CN121278315BCN 121278315 BCN121278315 BCN 121278315BCN-121278315-B

Abstract

The invention relates to the technical field of information technology monitoring, in particular to an information technology data monitoring method and system based on deep learning. The method comprises the following steps of S1, obtaining multi-mode signals and metadata, obtaining multi-mode comprehensive emotion scores, decision pressure measurement and confidence coefficient estimation according to the multi-mode signals and the metadata, S2, forming emotion track sequences under each operation step of a user according to the multi-mode comprehensive emotion scores, and S3, monitoring pressure-confidence coefficient paradox, emotion disjointing, cross-cultural baseline deviation and promise-redemption consistency deviation in a sliding window based on the decision pressure measurement, the confidence coefficient estimation and the multi-mode comprehensive emotion scores.

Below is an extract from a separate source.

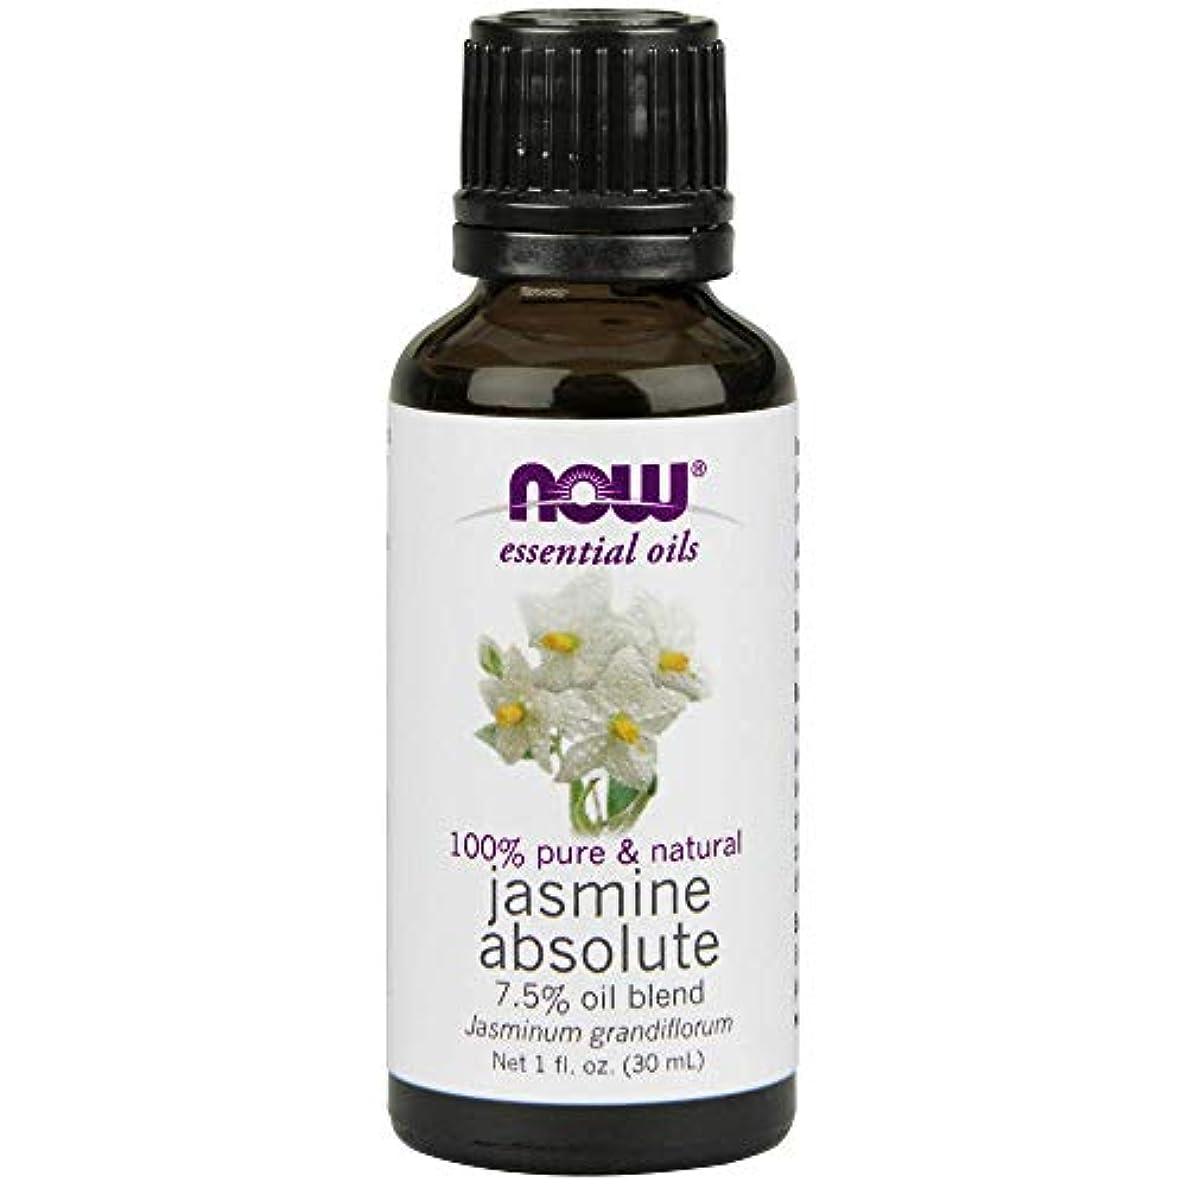 測る忘れられないご注意Now - Jasmine Absolute Oil 7.5% Oil Blend 1 oz (30 ml) [並行輸入品]
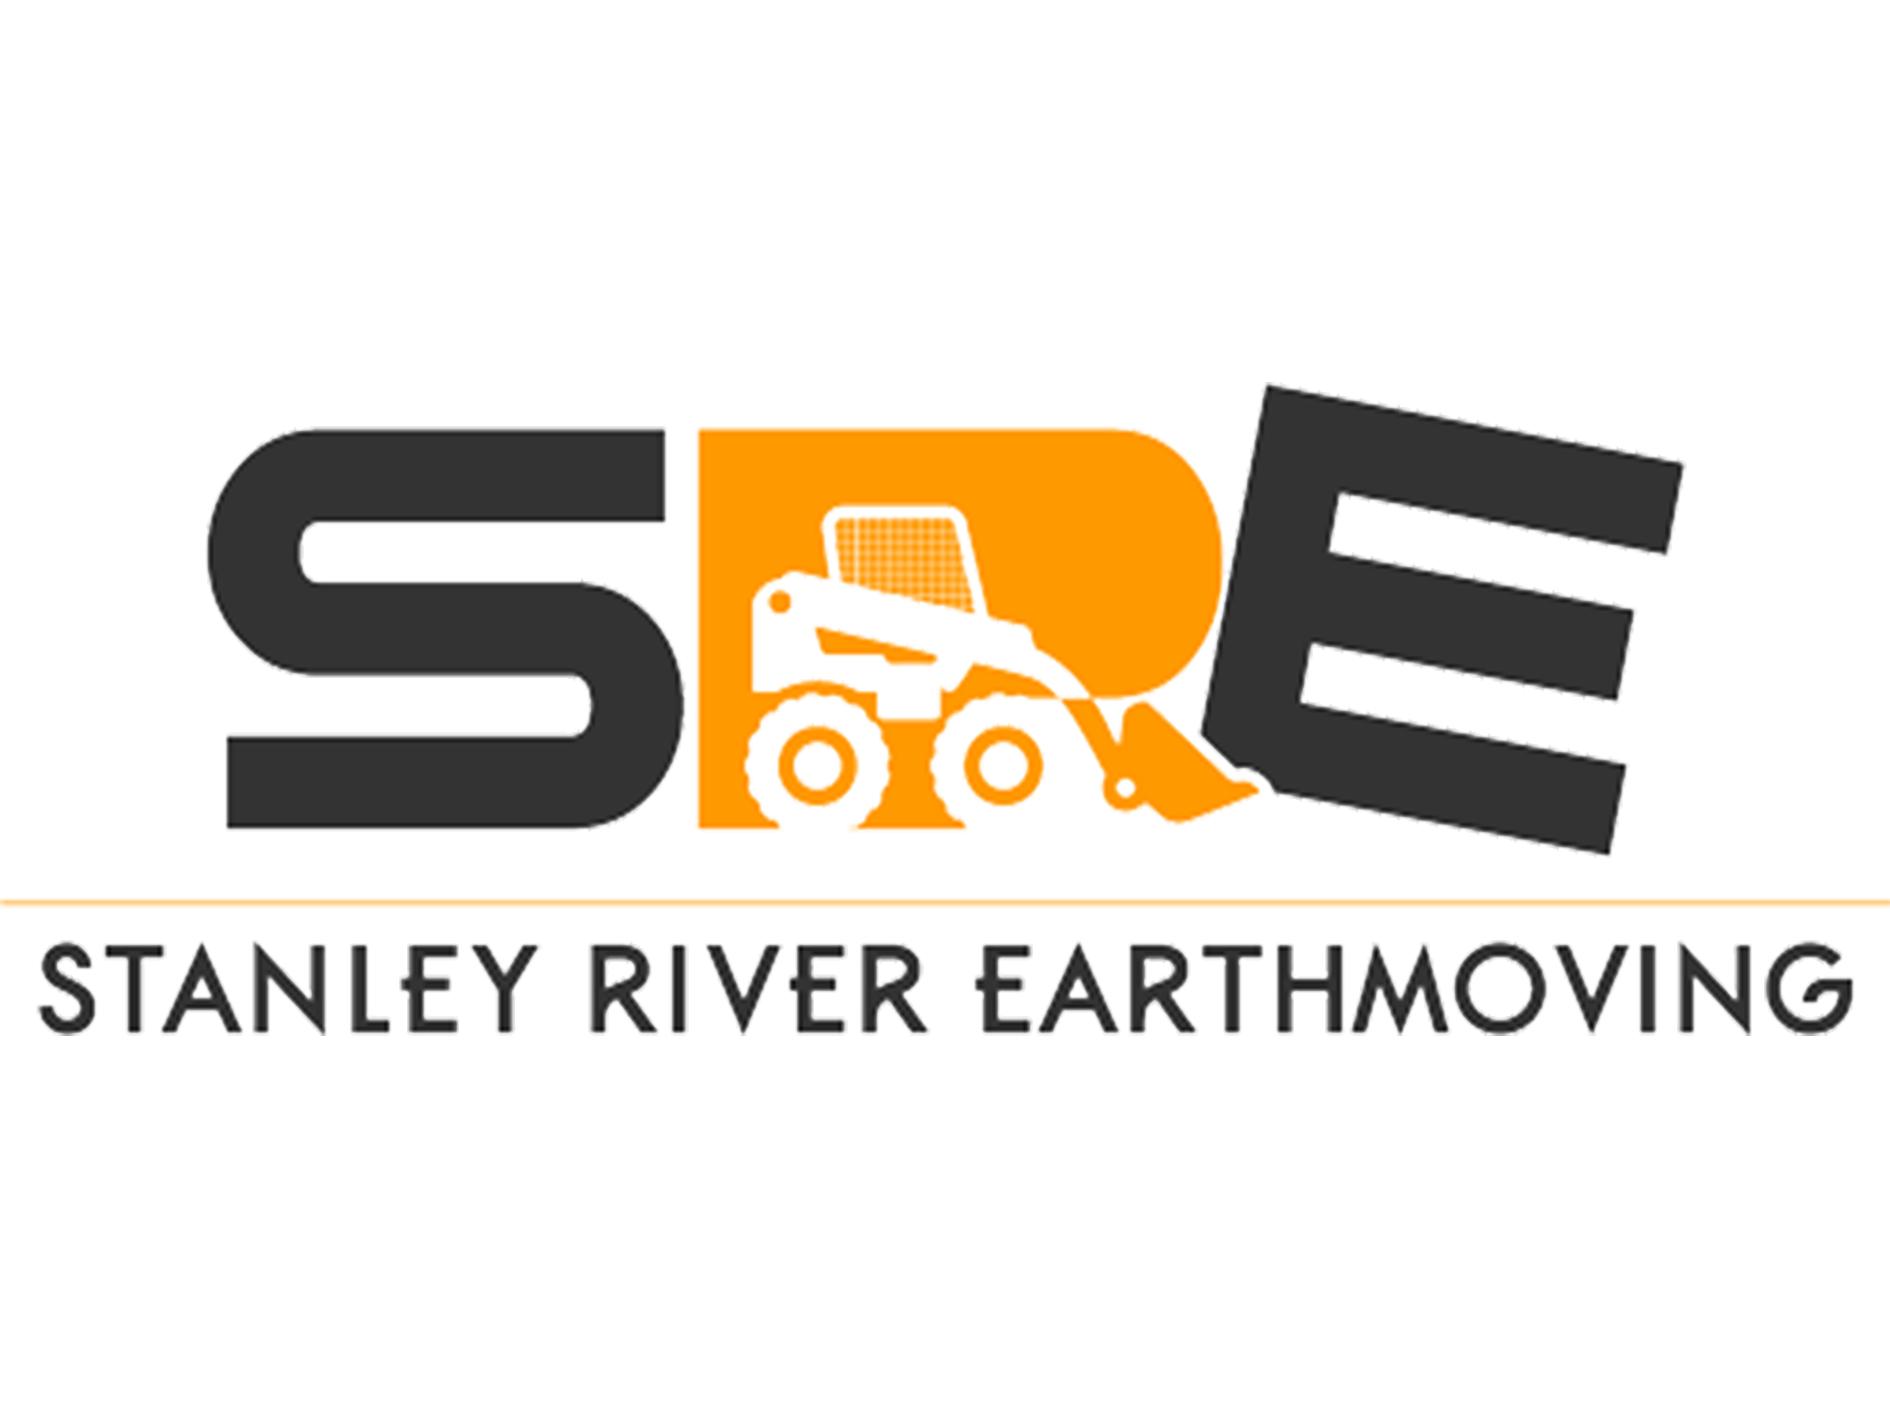 stanley-river-earthmoving-logo

The invention brings monitoring accuracy by monitoring pressure-confidence paradox, emotion disjoint, cross-cultural baseline deviation and promise-redemption consistency deviation, and realizes anonymous or real-name layering strategy to achieve both sensitivity and false alarm control.

Inventors

  • ZHAO YU
  • REN JIALE
  • HU ZHITAO
  • ZHAO FEI
  • SU YINGYING
  • ZHAO XIAOGUANG

Assignees

  • 葫芦岛盘古信息技术有限公司

Dates

Publication Date
20260512
Application Date
20251208

Claims (6)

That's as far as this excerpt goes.